CH35304John Hely (later Hely-Hutchinson), Irish lawyer, statesman, and Provost of Trinity College Dublin, dies on September 4, 1794 at Buxton, Derbyshire, England.

Hely is born in 1724 at Gortroe, Mallow, son of Francis Hely, a gentleman of County Cork. He is educated at Trinity College Dublin (BA 1744) and is called to the Irish bar in 1748. He takes the additional name of Hutchinson upon his marriage in 1751 to Christiana Nixon, heiress of her uncle, Richard Hutchinson.

Hely-Hutchinson is elected member of the Irish House of Commons for the borough of Lanesborough in 1759, but from 1761 to 1790 he represents Cork City. He at first attaches himself to the patriotic party in opposition to the government, and although he afterwards joins the administration, he never abandons his advocacy of popular measures.

After a session or two in parliament he is made a privy councillor and prime Serjeant-at-law. From this time he gives a general, though by no means invariable, support to the government. In 1767 the ministry contemplates an increase of the army establishment in Ireland from 12,000 to 15,000 men, but the Augmentation Bill meets with strenuous opposition, not only from Henry Flood, John Ponsonby and the habitual opponents of the government, but from the Undertakers, or proprietors of boroughs, on whom the government has hitherto relied to secure them a majority in the House of Commons.

It therefore becomes necessary for Lord Townshend to turn to other methods for procuring support. Early in 1768 an English Act is passed for the increase of the army, and a message from King George III setting forth the necessity for the measure is laid before the House of Commons in Dublin. An address favourable to the government policy is, however, rejected as Hely-Hutchinson, together with the speaker and the attorney general, do their utmost both in public and private to obstruct the bill. Parliament is dissolved in May 1768, and the lord lieutenant sets about the task of purchasing or otherwise securing a majority in the new parliament. Peerages, pensions and places are bestowed lavishly on those whose support could be thus secured. Hely-Hutchinson is won over by the concession that the Irish army should be established by the authority of an Irish act of parliament instead of an English one.

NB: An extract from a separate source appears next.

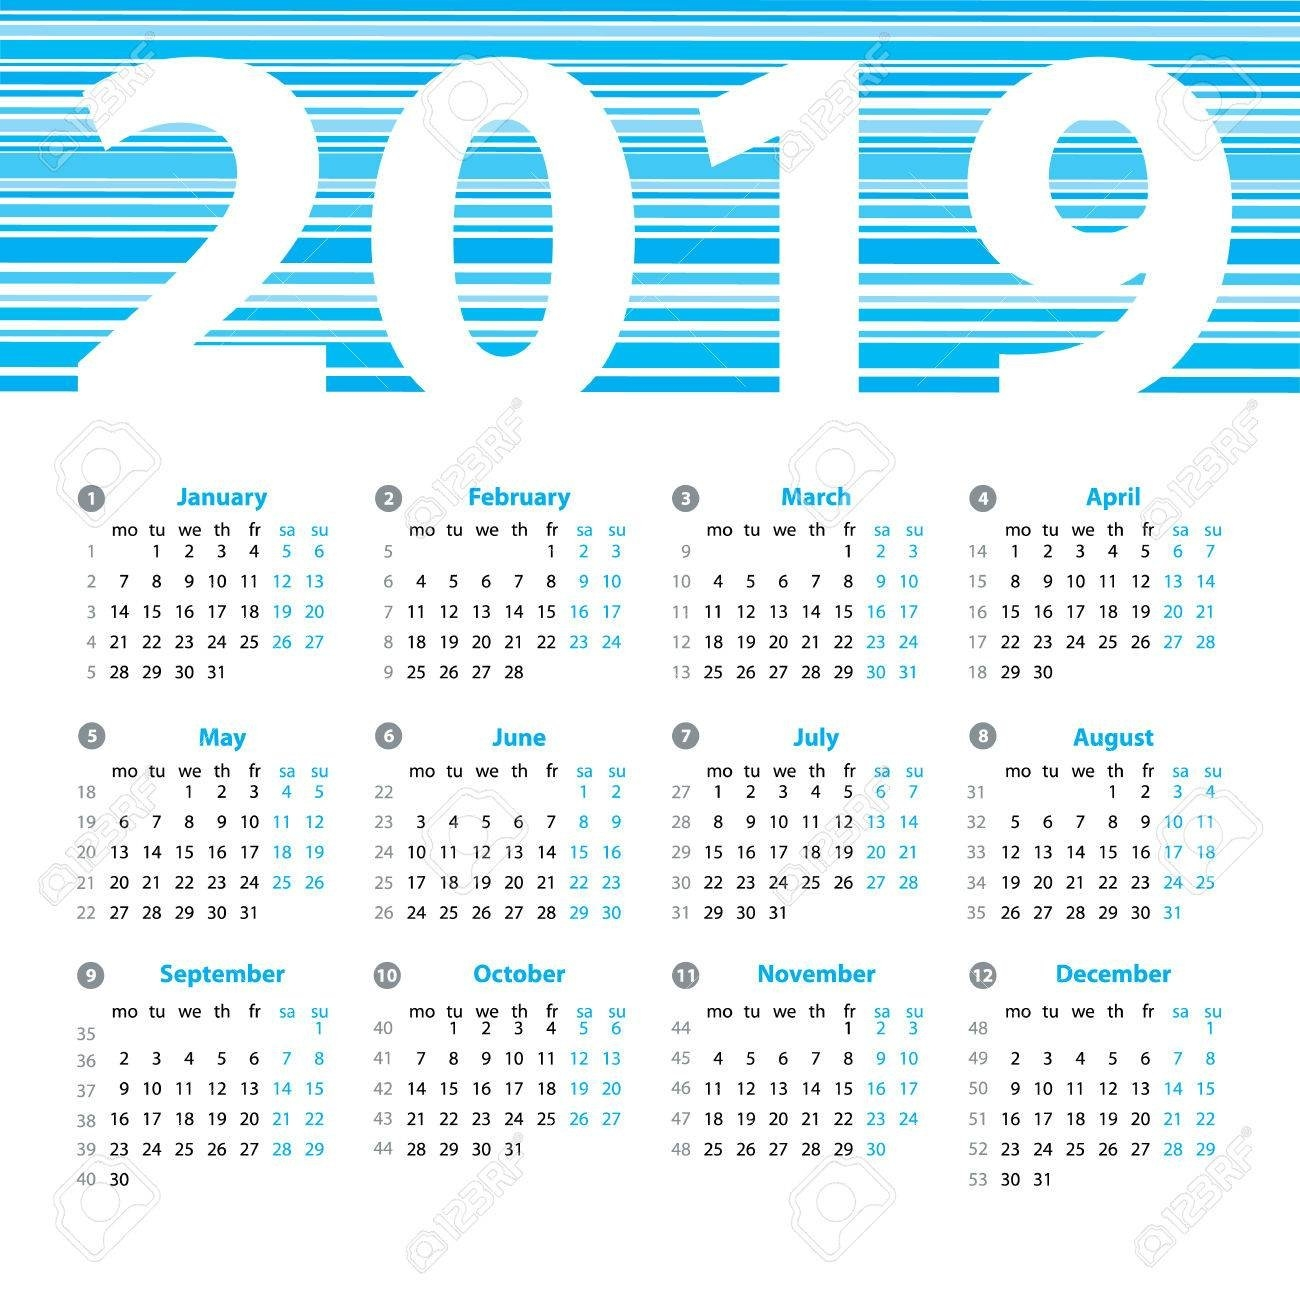 Calendar 2019 Year Vector Design Template With Week Numbers And Calendar Week 15 2019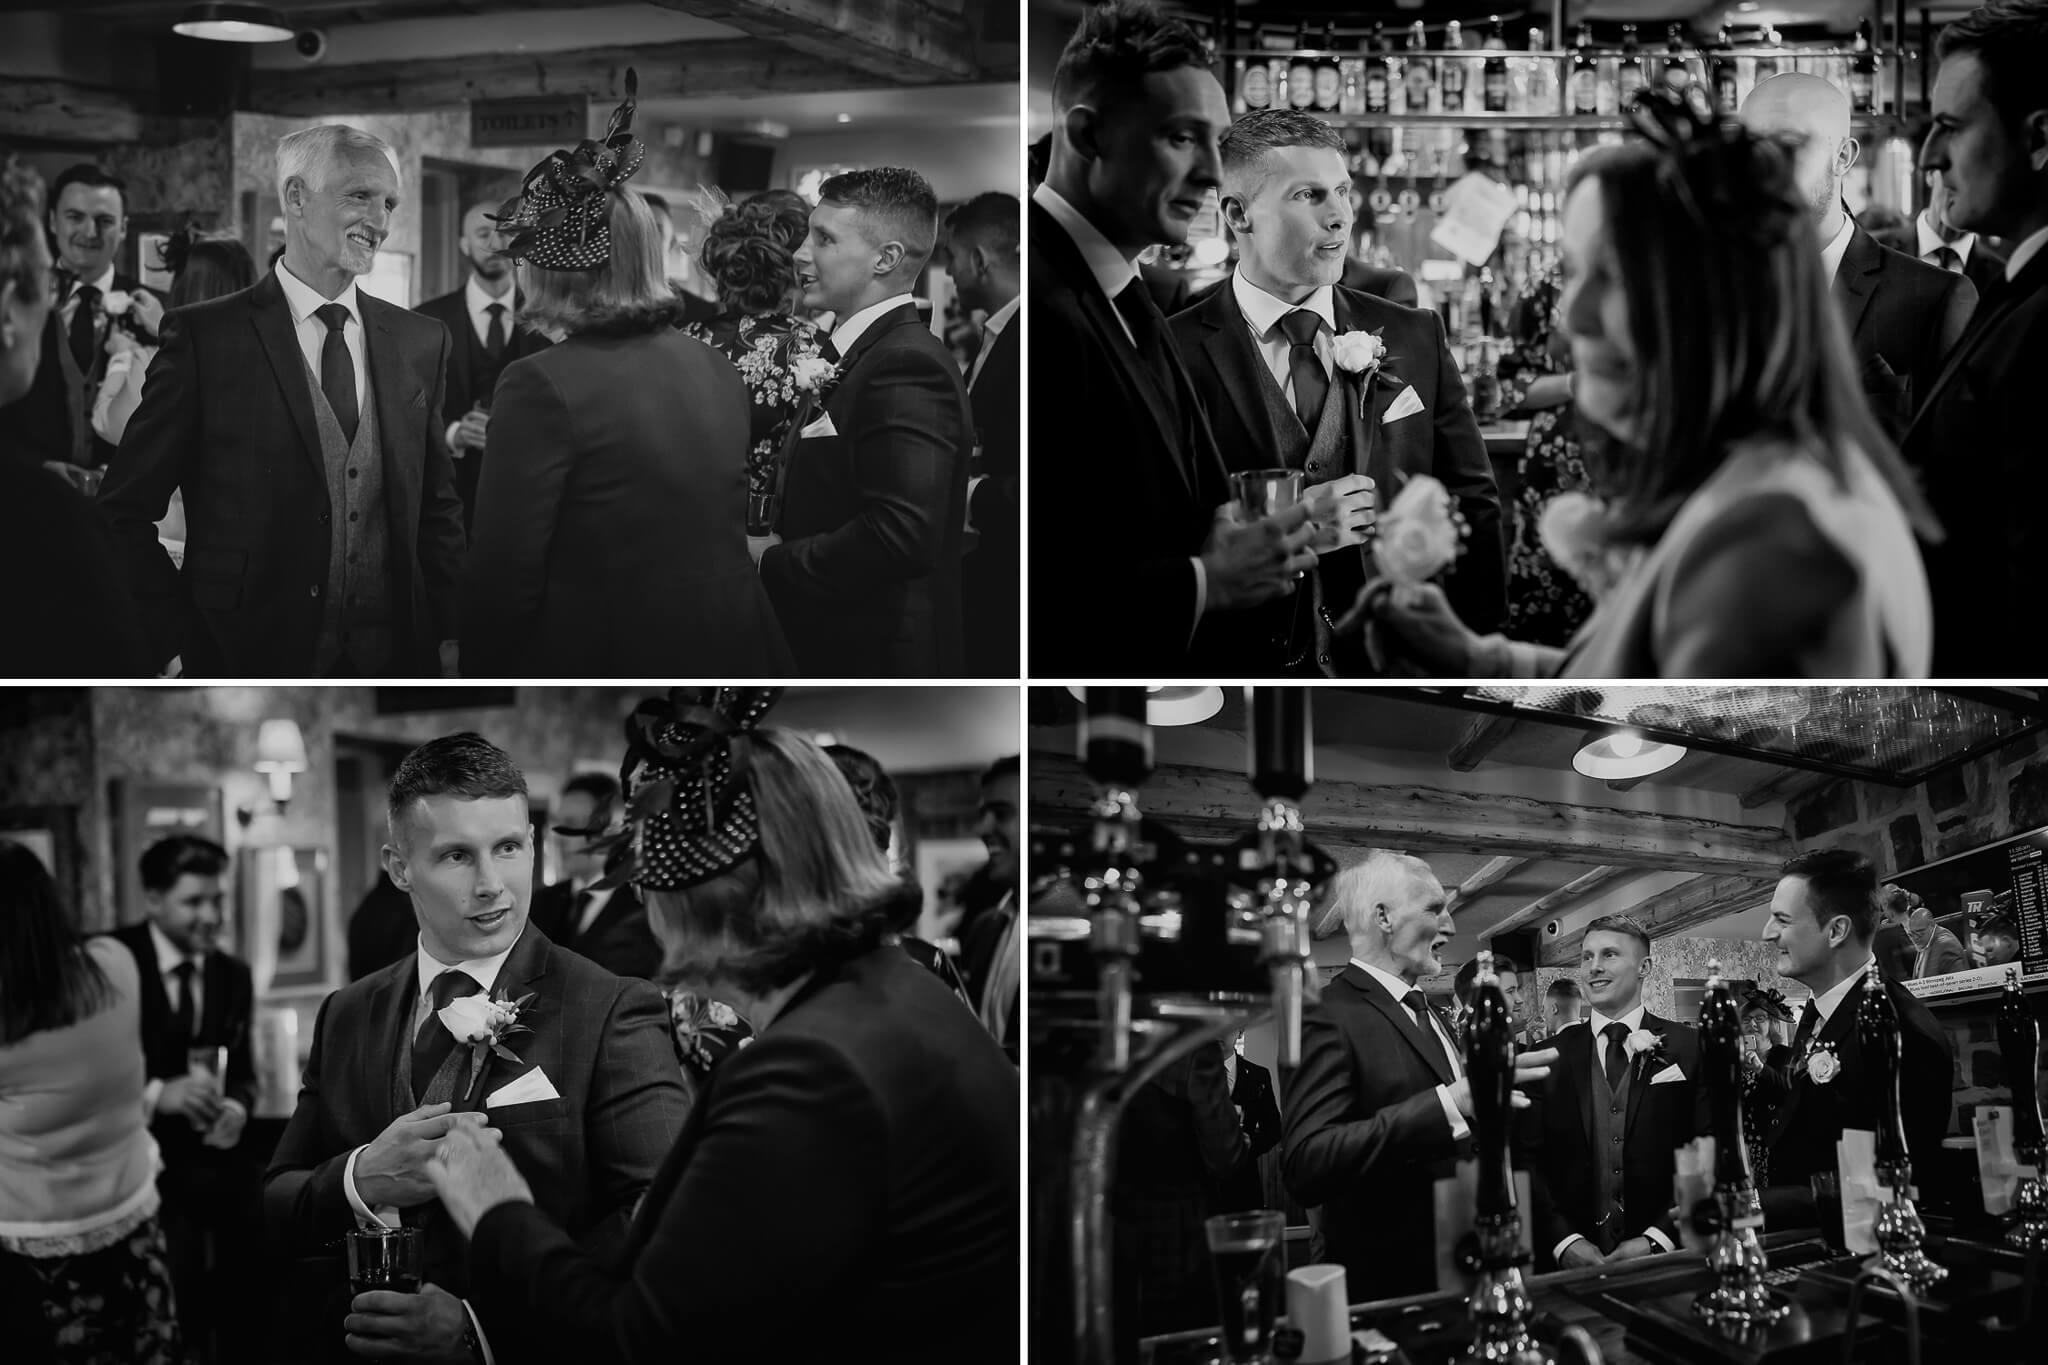 groom-groomsmen-pub-family-time-wedding-day-wigan

The Augmentation Bill is carried in the session of 1769 by a large majority. Hely-Hutchinson’s support had been so valuable that he receives as reward an addition of £1,000 a year to the salary of his sinecure of alnager, a major’s commission in a cavalry regiment, and a promise of the Secretaryship of State. He is at this time one of the most brilliant debaters in the Irish parliament and is enjoying an exceedingly lucrative practice at the bar. This income, however, together with his well-salaried sinecure, and his place as prime serjeant, he surrenders in 1774 to become provost of Trinity College, although the statute requiring the provost to be in holy orders has to be dispensed with in his favour.

For this great academic position Hely-Hutchinson is in no way qualified and his appointment to it for purely political service to the government is justly criticised with much asperity. His conduct in using his position as provost to secure the parliamentary representation of the university for his eldest son brings him into conflict with Patrick Duigenan, while a similar attempt on behalf of his second son in 1790 leads to his being accused before a select committee of the House of Commons of impropriety as returning officer. But although without scholarship Hely-Hutchinson is an efficient provost, during whose rule material benefits are conferred on Trinity College.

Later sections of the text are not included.